Miranda July understands me and you and everyone we know
by Carla Barger
Images courtesy of www.iffboston.com, www.cinema-scope.com
I dub Miranda July’s new film, Me and You and Everyone We Know, “the loneliest little movie on the planet.”
A story of both alienation and unlikely intimate connections, Miranda July manages to pick at that undercurrent of sadness that dogs the edges of our everyday existence. In a previous interview for F Newsmagazine with Rovert Becraft featured with F News Online here, Miss July discusses this theme in her work:
“There is this wonderfulness about living that is the main thing that I feel, but it definitely has drawn currents of sadness or bleakness within that. I don’t think that’s not wonderful, I think they’re just like different pitches of the same note. Sometimes, expressing the bleak feeling of it is more important in making people feel not so alone and desolate.”
Performance artist, former indie rocker, and now filmmaker, July is brilliant at staging her characters’ struggle with meaning in their communication with each other. Every piece of dialogue in the film is crucial and loaded. Early on in the film, you start to notice that no one is filling in the awkward silences of these characters’ conversations; their reactions to one another seem a bit askew, their emotions spare, but raw. This is a big part of the film’s power: it is painful because you empathize so completely with them.
July also explores how modern technology and human interaction both need and repel each other. Several characters find themselves in emotionally intimate situations where some form of technology is the gateway. The main character (which Miranda July plays herself) epitomizes this push and pull. She video-records Polaroids of unknown people with their backs to the camera, overlooking various scenic spots up close, then dubs an intimate conversation over it with her doing both voices.

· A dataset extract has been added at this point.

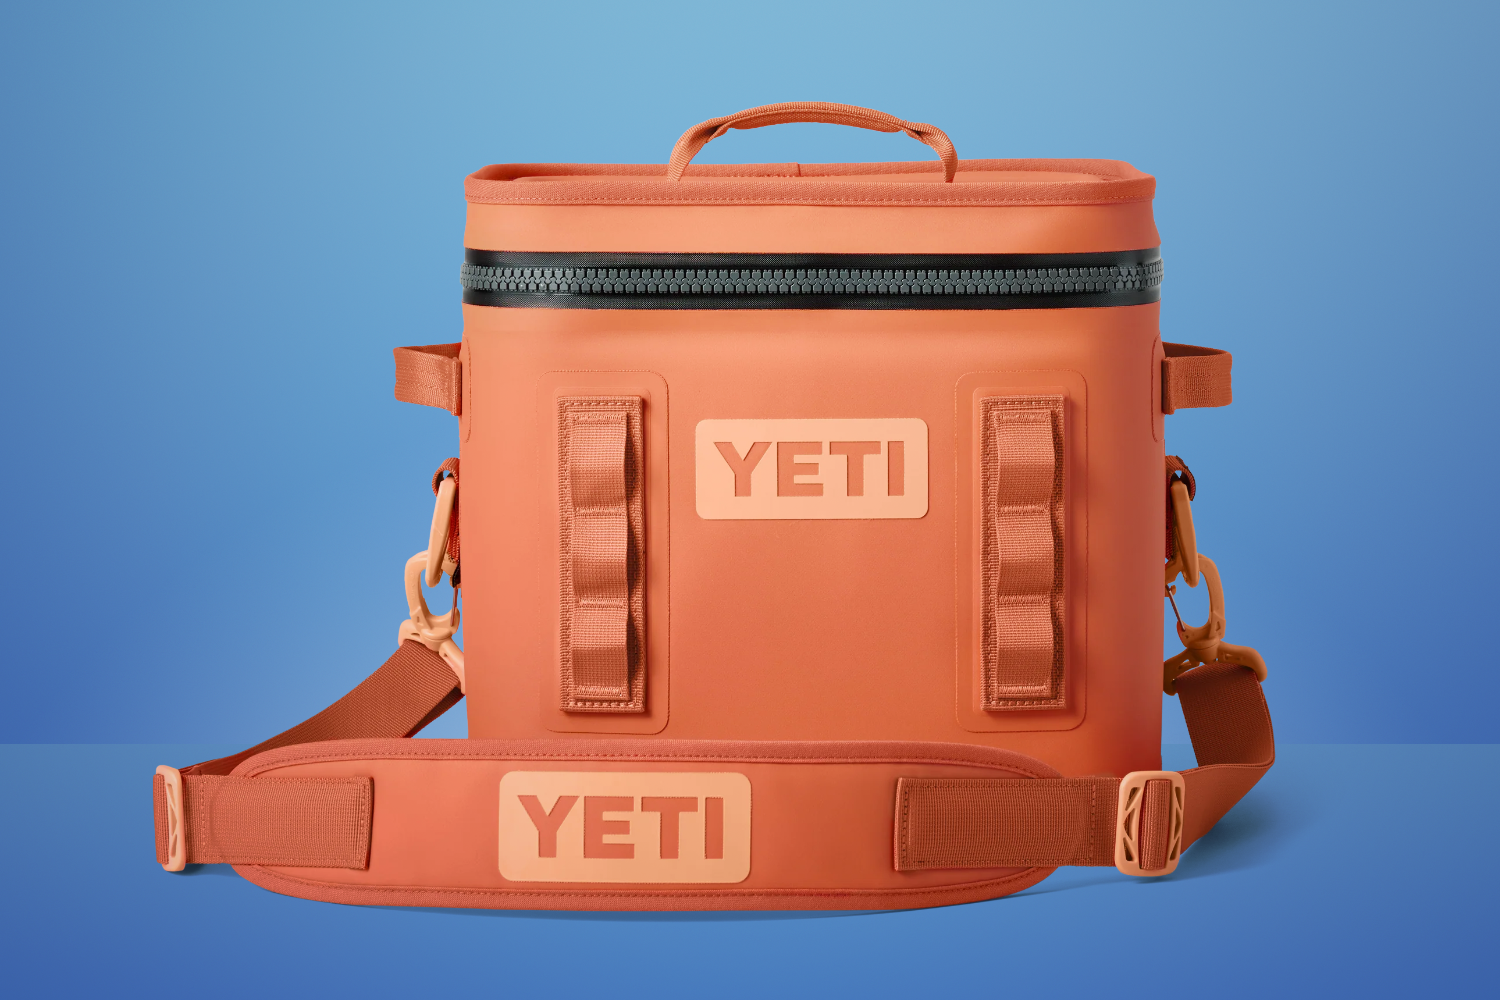 This stylish Yeti cooler sack chills a round's worth of drinks

At other times she writes “Me” on one of her shoes, and “You” on the other, and videotapes them moving toward and away from one another. Her life revolves around her very emotionally charged and personal art, but she never performs it live; she only performs for the camcorder. The gallery owner receives a tender touch she so desperately needs from a 6-year-old boy she meets in a chat room over a conversation about poop. A teenage neighbor connects with the (much younger) girl next door while they lie on her bedroom floor, and she tells him about the new blender and towel sets she bought for her hope chest in anticipation of someday getting married and having a kitchen of her own.